Farouk Ismail, founding member of Gardens of Peace. Farouk Ismail, founding member of Gardens of Peace.

Despite both parties agreeing the development would be an inappropriate use of the green belt and the overall size of the site increased, policy lists cemeteries as a permitted exception.

The planning inspectorate concluded on Monday that the development would safeguard the countryside from encroachment and remain essentially rural in character and appearance.

“It’s good news,” said Gardens of Peace founding member Farouk Ismail.

“I don’t like upsetting anyone from any community.

“I like community cohesion and we are going to do our very best to make everyone happy.
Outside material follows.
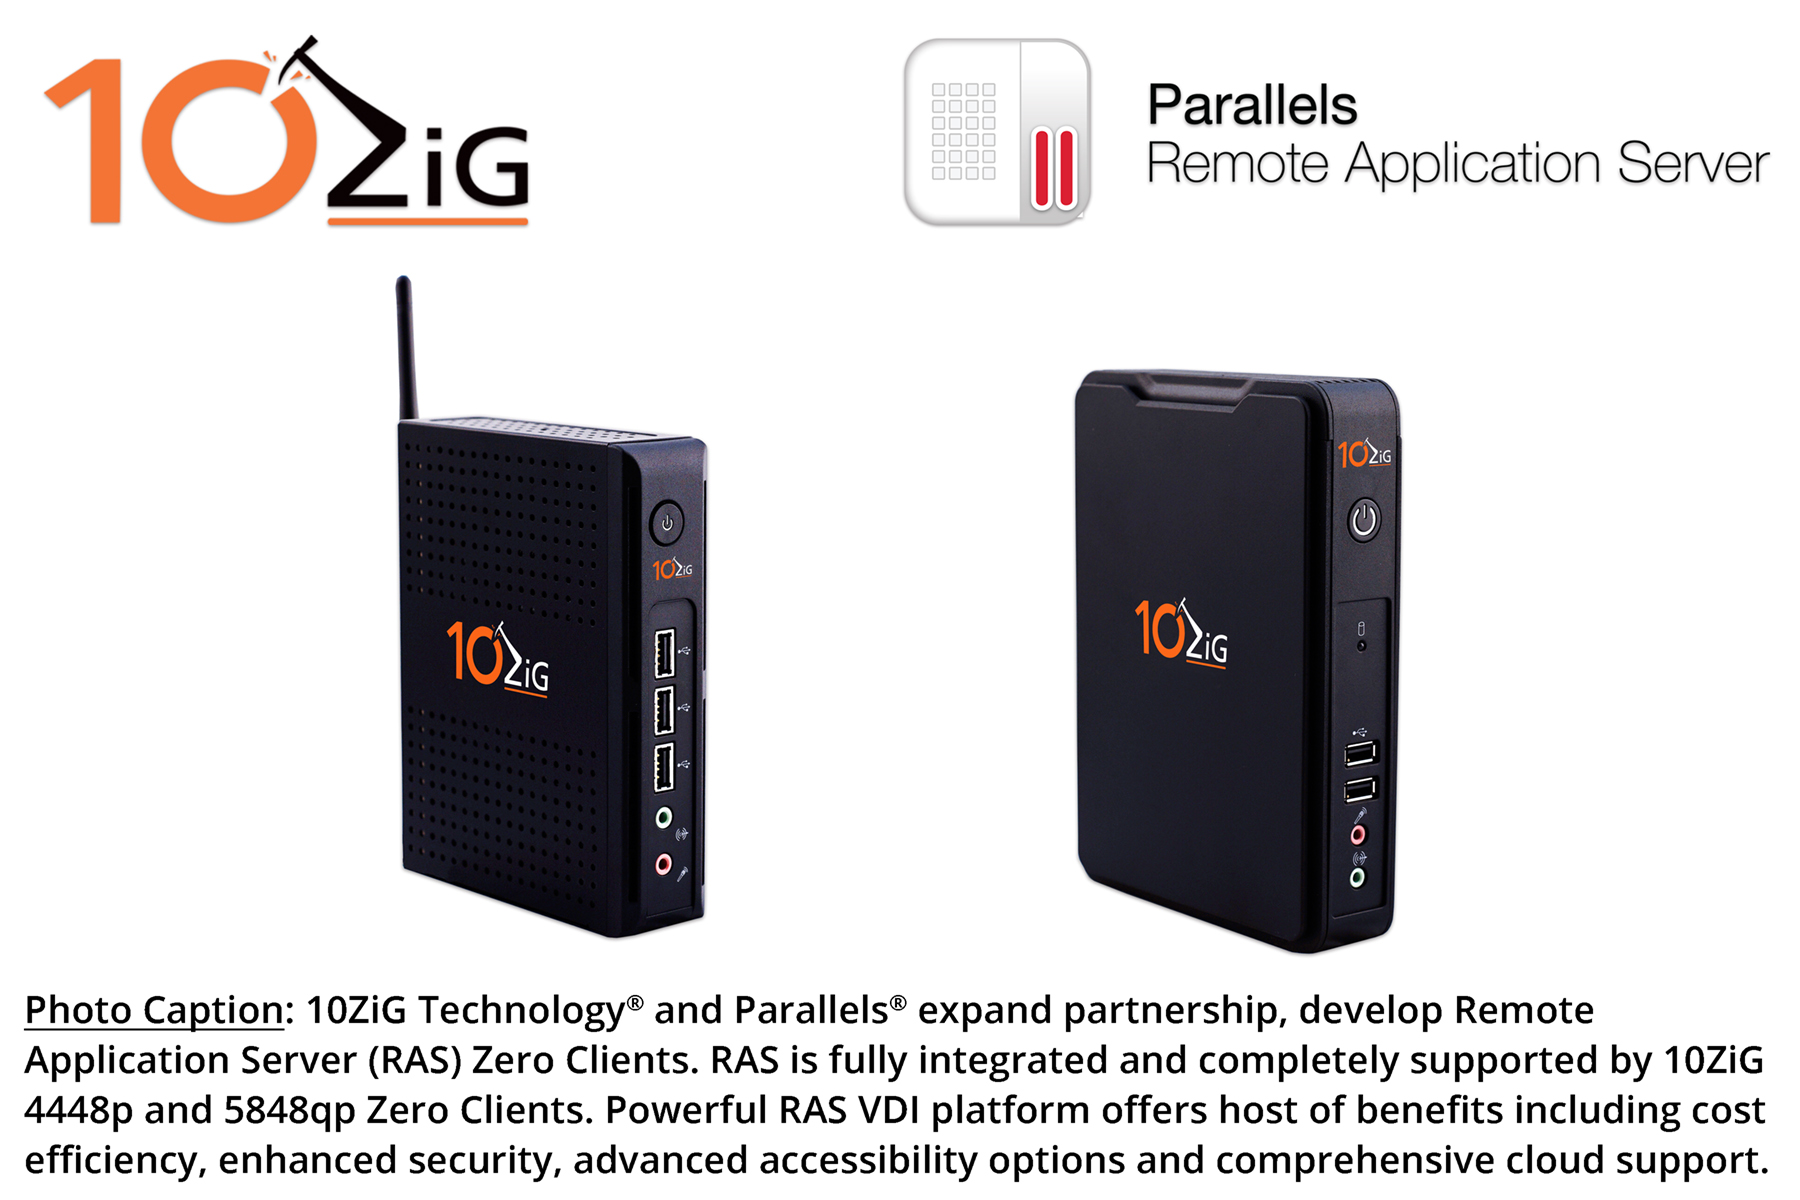 10ZiG Technology® and Parallels® expand partnership, develop Remote Application Server (RAS) Zero Clients. Powerful RAS VDI platform offers host of benefits including cost efficiency, cloud support.

That is what’s important.”

The proposals for the land at Oak Farm, Maylands Fields, Harold Wood, generated fierce debate on social media.

Commenting on Facebook, Dave Wackett said: “[I} do not agree with this, as I think most people in the area. It is a traffic black spot which would be made far worst if this was to be given the go ahead.”

But Kimberley Fraser added: “It’s best they do something with that field because all it is now is a great big patch of land that travellers like to try and get on, or eco warriors as there was recently.

“I don’t see what the objections are to the Gardens of Peace other then just racism.”

Sylvie Williams responded: “It is not racist to be concerned about your garden flooding and the amount of traffic that it will cause in the overcrowded roads in that area.”

Dan Roberts said burial land should be for everyone.

“I don’t agree that it should be given over to just one denomination exclusively,” he continued.

“I don’t like the idea or thought of having people cremated because they didn’t have the option to be buried somewhere because of someone else’s beliefs.”

But Nora Simmonite commented: “There are Jewish cemeteries that no one else can be buried in.”

Elm Park resident, Patricia Cartmerr said: “I think its necessary. It’s land that’s being wasted. The other two sites are absolutely beautiful. They’re really lovely.”

Mr Ismail continued: “We will work with the council and community every step of the way.”